American Shorthair is similar to other cats that require 3 meals a day, especially when they are still around 3 months old. You can give their meal twice any time of the day when they reach 6 months old. A 3-month supply of food for a Shorthair may cost around $25-$30.
You want to make sure they stay engaged and active from time to time. Spare a few minutes to play and connect. Buying a cat toy may also be a good alternative if you can't slice a piece of your time for recreation. A $50-dollar yearly budget for toys is enough.
A catnip toy is a good item to give an American Shorthair. Read our previous post to know how often you should replace this to ensure your cat stays happy and active frequently.
American Shorthair cats rarely get sick, but you still have to set aside a routine annual check budget to cover unexpected health issues. A good amount to prepare is between $35 to $50.
Do American Shorthair Cats Have Health Issues?
These furballs are great to be around as they are healthy most of the time, especially when they are still young and active. But like all beings that age, they encounter a fair share of diseases as they grow old.
There are at least 6 common health risks that can afflict an American Shorthair cat, which other cats can also get:
- Heart problems - Hypertrophic cardiomyopathy (HCM) that causes heart failure is the most common heart disease in cats. Another condition is dilated cardiomyopathy (DCM) due to a lack of amino acids and a poor diet.
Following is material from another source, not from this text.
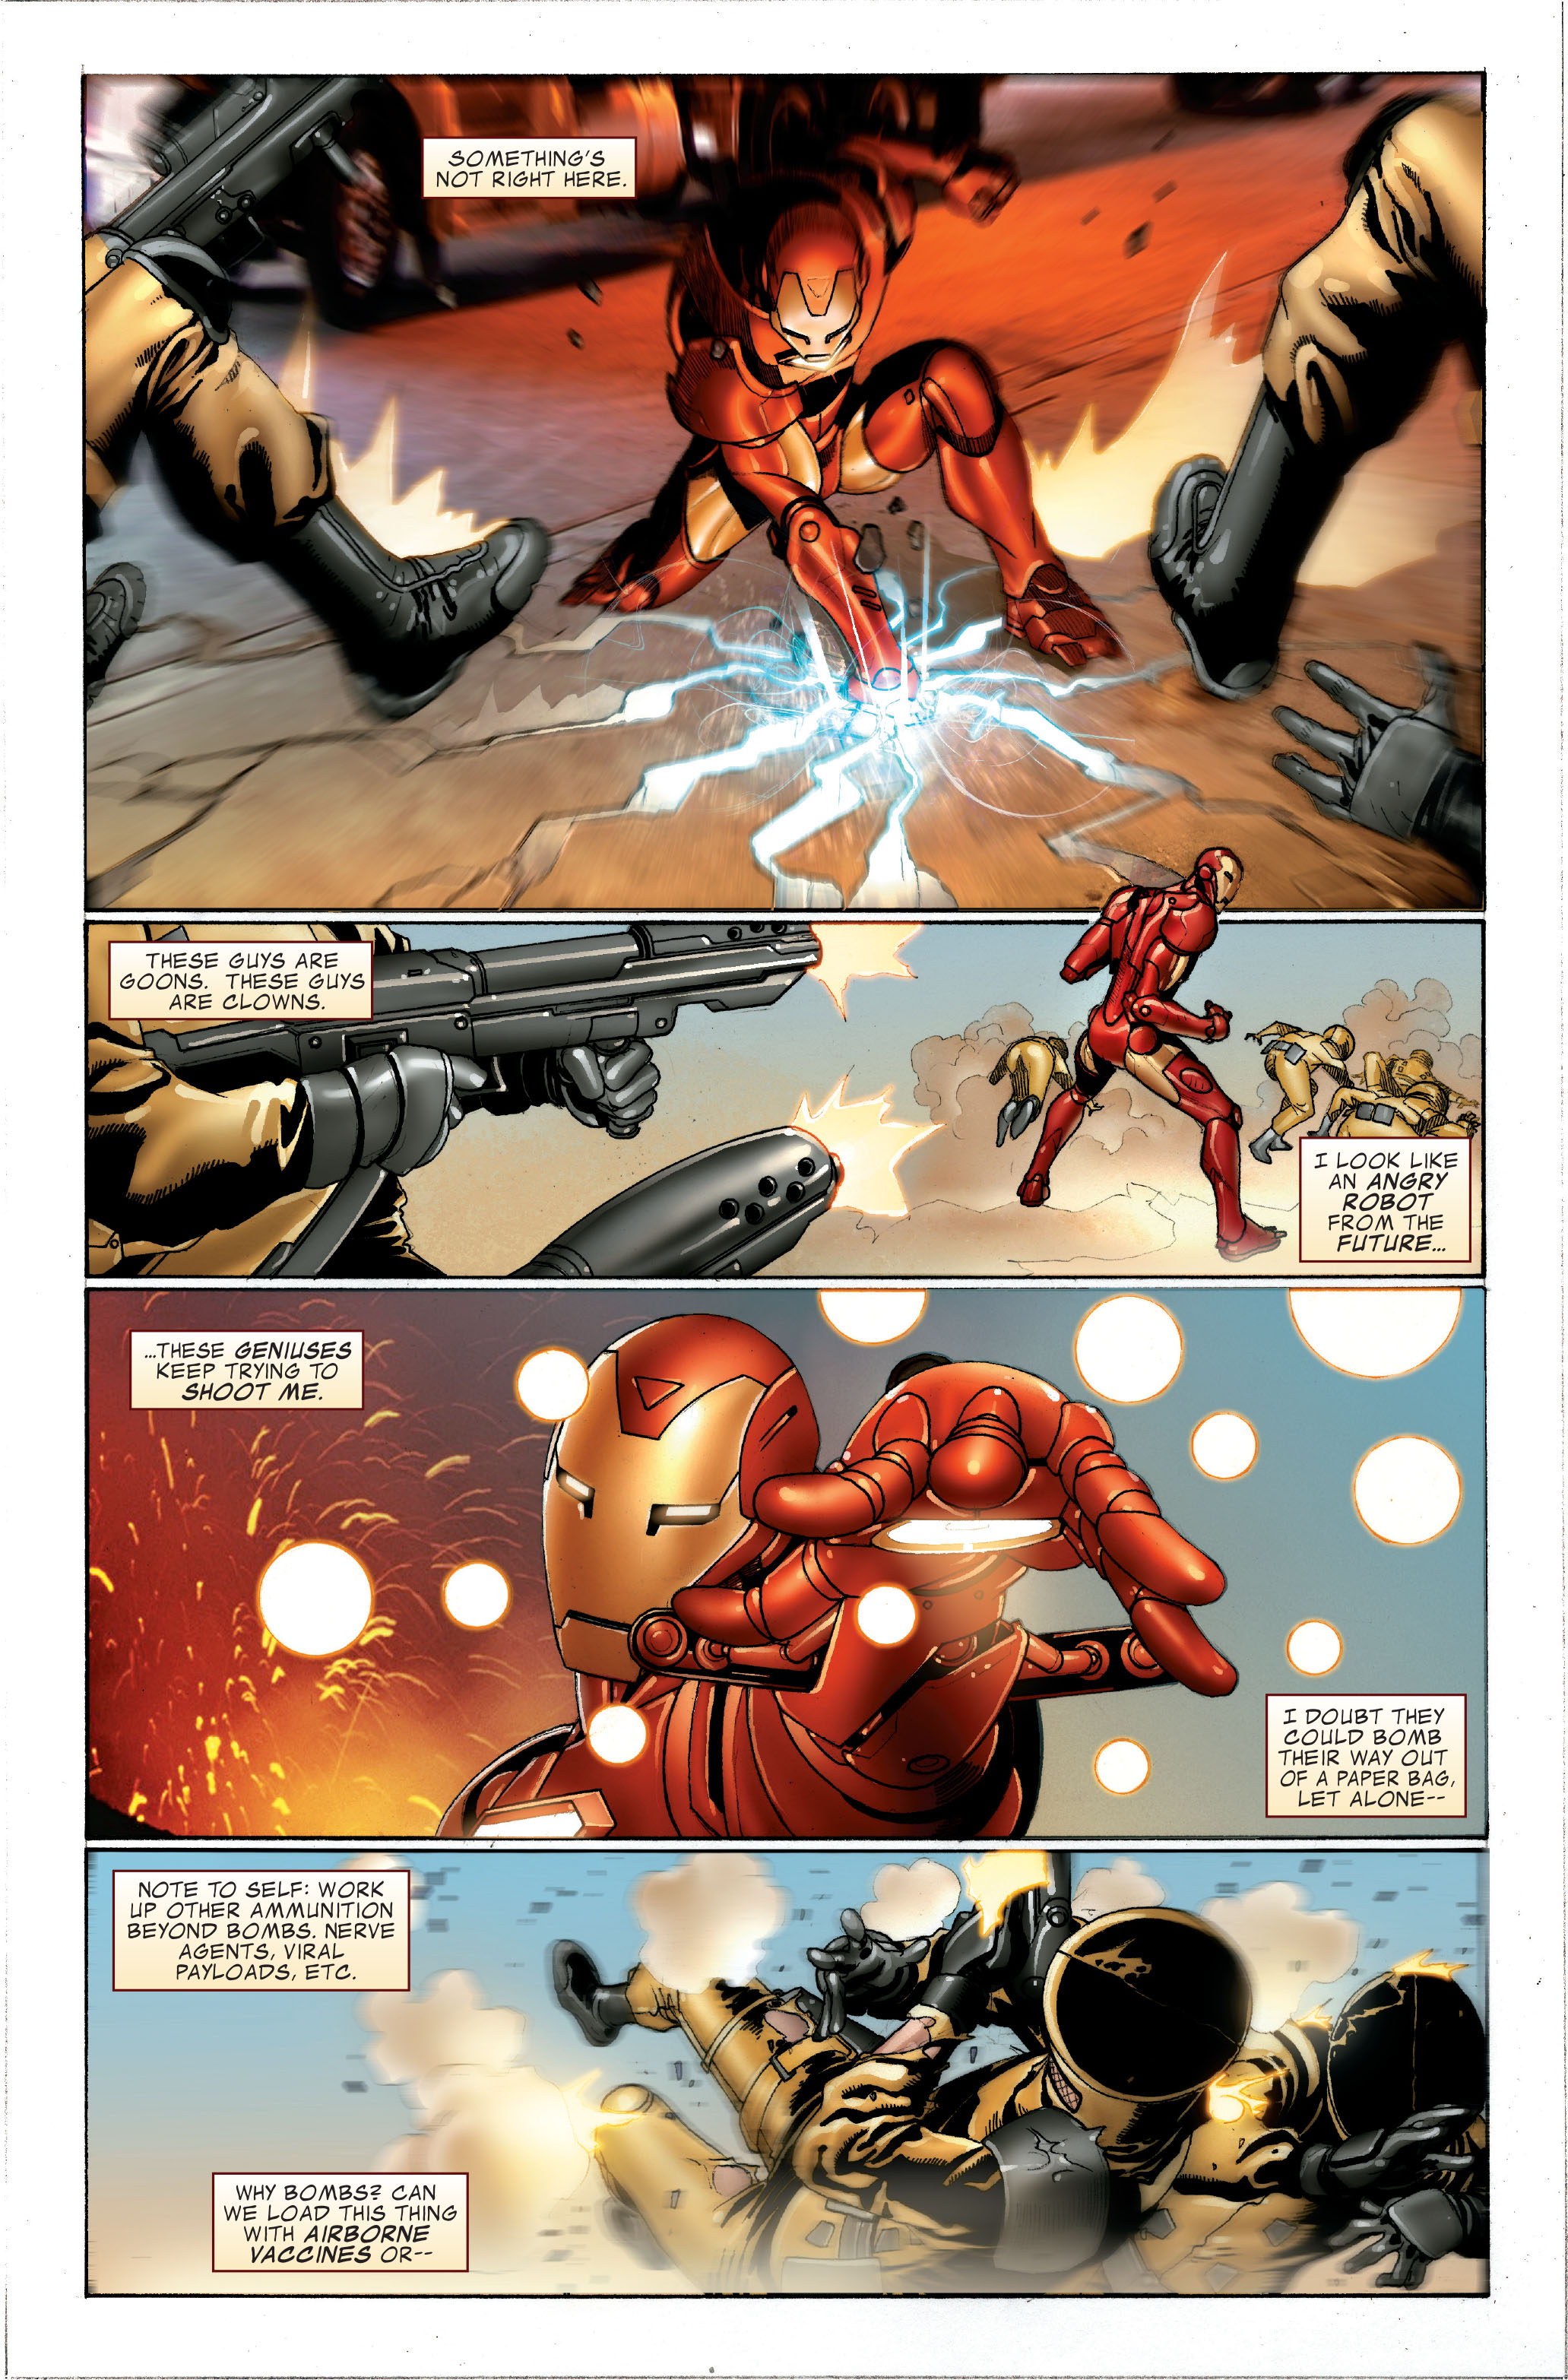 Invincible Iron Man (2008) 1 Page 22

- Feline lower urinary tract diseases (FLUTD) - Often manifesting through blood in urine, FLUTD makes a cat cry in pain with just a little urination.
- Renal failure - This is simply the manifestation of the inability of the kidney to cleanse the body fluids of waste. This disease is often seen in older cats and seldom in younger cats.
- Hyperthyroidism - This condition is the enlargement of the thyroid due to a non-cancerous tumor. Although non-fatal most of the time, be wary when your cats vomit and drink more often than usual and lose weight.
- Diabetes Mellitus - Diabetes happens to obese, inactive cats of any breed as they are genetically predisposed to the condition. As in humans, diabetes in cats may also lead to other fatal health problems, so make sure your cats don’t always stay idle.
- Polycystic Kidney Disease - This condition is due to active cysts that enlarge the kidney to abnormal proportions, leading to kidney failure. Unlike the 5 health problems that often originate from diet and lifestyle, polycystic kidney disease is hereditary and usually afflict Persian cats.
How To Care For American Shorthair Cats
Self-diagnosis of the above health concerns is impossible. And you can’t always fix your eyes on your cat. But if you notice that your little companion becomes lethargic, has difficulty breathing, and shows disinterest in food, visit a vet immediately to undergo a medical examination.
This is why you should never miss the routine checkup with your cat’s vet. During the session, don’t forget to ask the vet to check the cat’s organs, especially the heart and kidney.
Even if you are not wishing for the worst, it would be a great idea to get a cat insurance plan so you can cover the treatment of injuries, accidents, and health issues.
Although originally cultured for its rat-catching abilities, the American Shorthair cat is now loved for being a great companion. Today, it costs between $500 and $1,500, earning its right to be one of the world’s top 20 most expensive cats because of its striking features and gentle disposition.
Fortunately, its upkeep is almost negligible compared to other cats on the "expensive cats" list, so you can keep one for as long as its lifespan allows.